Detection and isotopic analysis of particle populations has seen rapid growth across several application areas, including environmental analysis, nuclear forensics, and food safety. The ability to characterize the particles' unique elemental and isotopic fingerprints could provide information related to formation, processing history, and transport. Regarding nuclear forensics, isotopic analysis of particles derived from diverse materials is often used as a tool to trace the origin and processing history. Mass spectrometric-based techniques currently used for particle population analysis often suffer from limited mass resolution, particularly when dealing with real-world samples that are affected by isobaric and polyatomic interferences from the matrix. To address these analytical challenges, we propose a novel method utilizing the liquid sampling-atmospheric pressure glow discharge (LS-APGD) microplasma ionization source coupled to an ultrahigh resolution Orbitrap mass spectrometer, further enhanced with the FTMS X2T Booster data acquisition and processing unit. The FTMS Booster enables acquisition of extended transient times of up to 3 s, significantly improving mass resolution, thereby reducing or even eliminating the need for prior separation of isobaric or polyatomic interferences. Additionally, the detection of low-abundance isotopes was improved by increasing the signal-to-noise (S/N) ratio. As proof of concept, this study demonstrates the feasibility of the LS-APGD/Orbitrap-FTMS X2T Booster platform for direct analysis using a suspension of well-characterized ∼120 nm neodymium particles.
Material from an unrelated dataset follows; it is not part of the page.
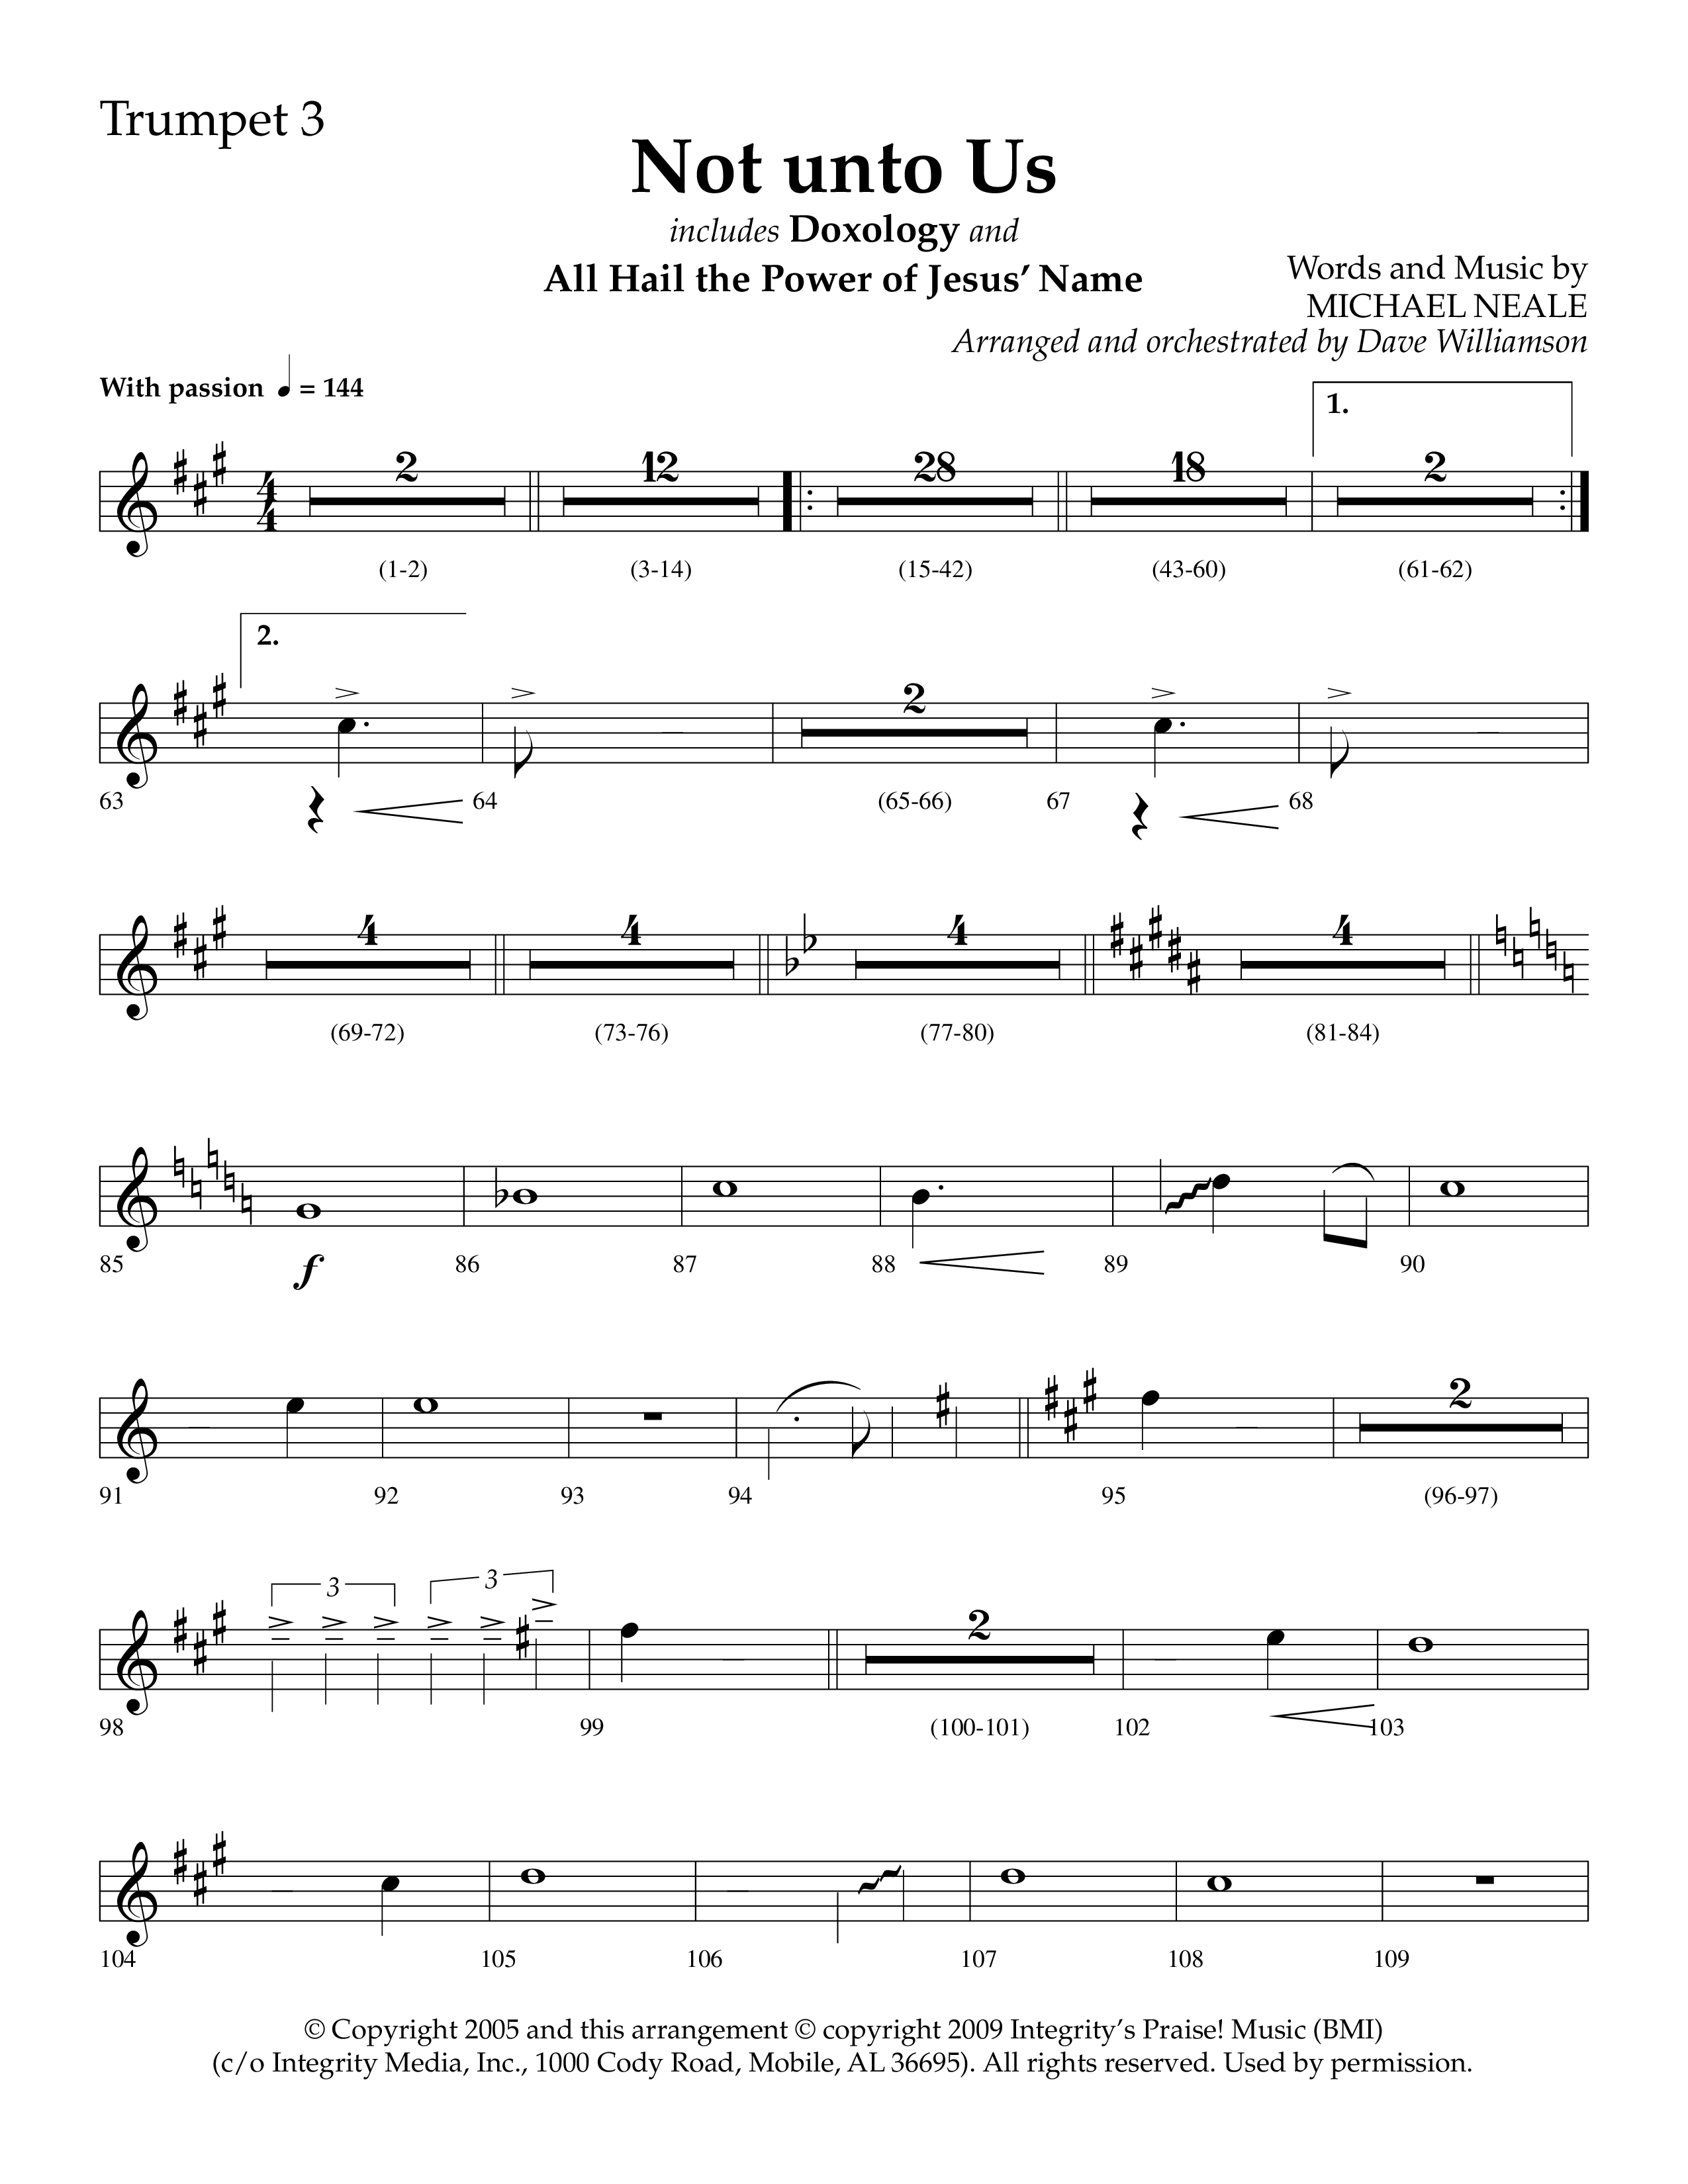 Not Unto Us (with Doxology, All Hail The Power Of Jesus Name) (Choral Anthem SATB) Trumpet 3 (Lifeway Choral / Arr. Dave Williamson)
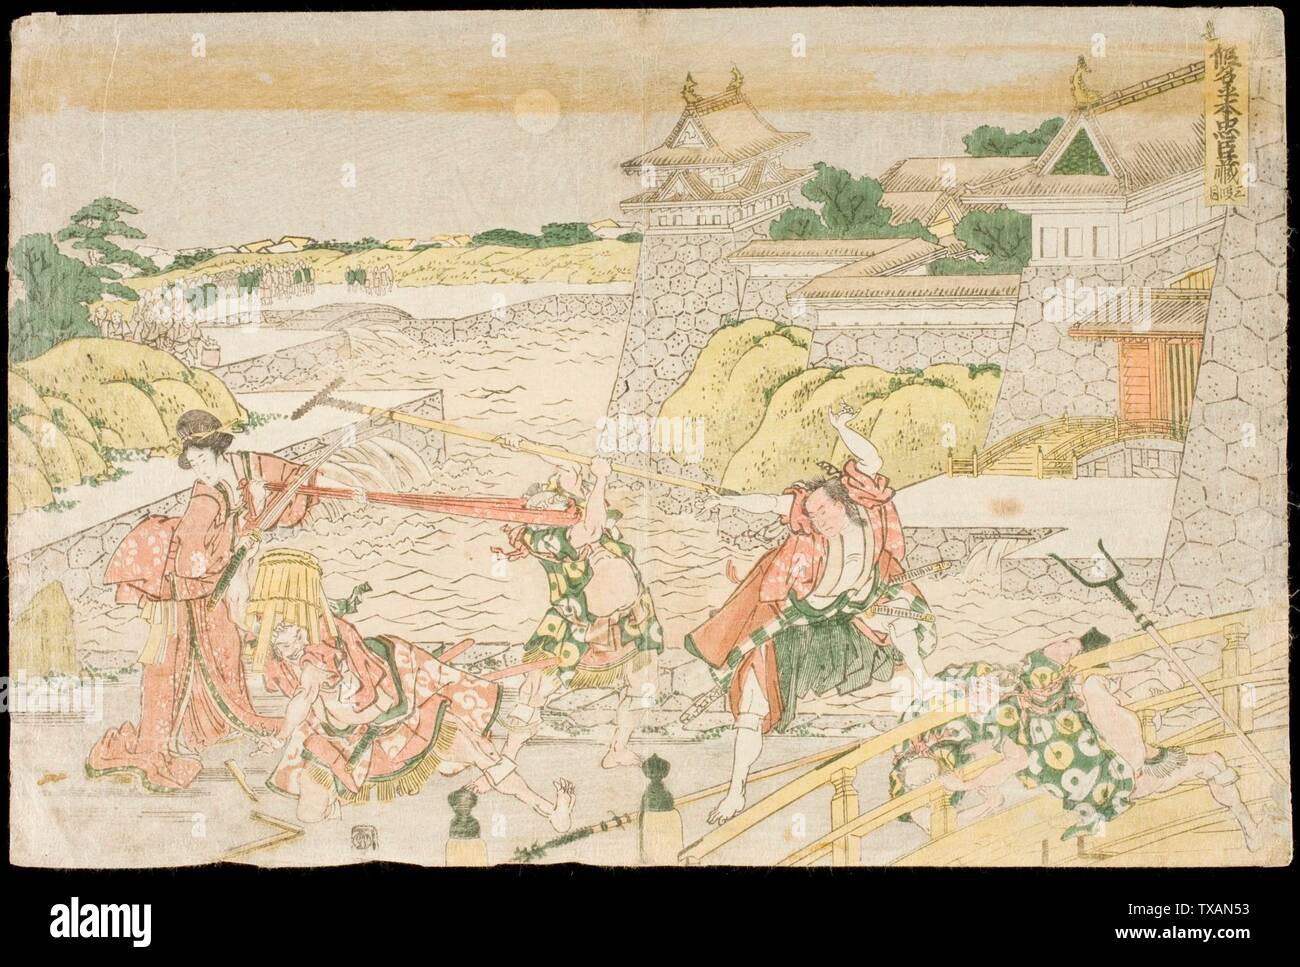 ÅŒkaru and Kampei outside Kamakura Castle, Act III from the Play ChÅ«shingura;  1806 Prints; woodcuts Color woodbk print Sheet:  9 7/8 x 14 3/4 in. (25.08 x 37.47 cm) The Joan Elizabeth Tanney Bequest (M.2006.136.128) Japanese Art; 1806date QS:P571,+1806-00-00T00:00:00Z/9; Stock Photo

The quality of the isotope ratios values obtained from a few hundred particles were in good agreement with those obtained from homogeneous ionic solutions. These results highlight the potential of the LS-APGD/Orbitrap platform for rapid, accurate, and interference-resilient isotope ratio analysis of particle populations without the need for dissolution and subsequent chemical separations, offering significant advantages for nuclear forensics, safeguards, and environmental applications. The effort here also points to further paths forward, hopefully towards single particle (SP) analysis using microplasma ionization and the ultrahigh resolving power of the Orbitrap mass analyzer.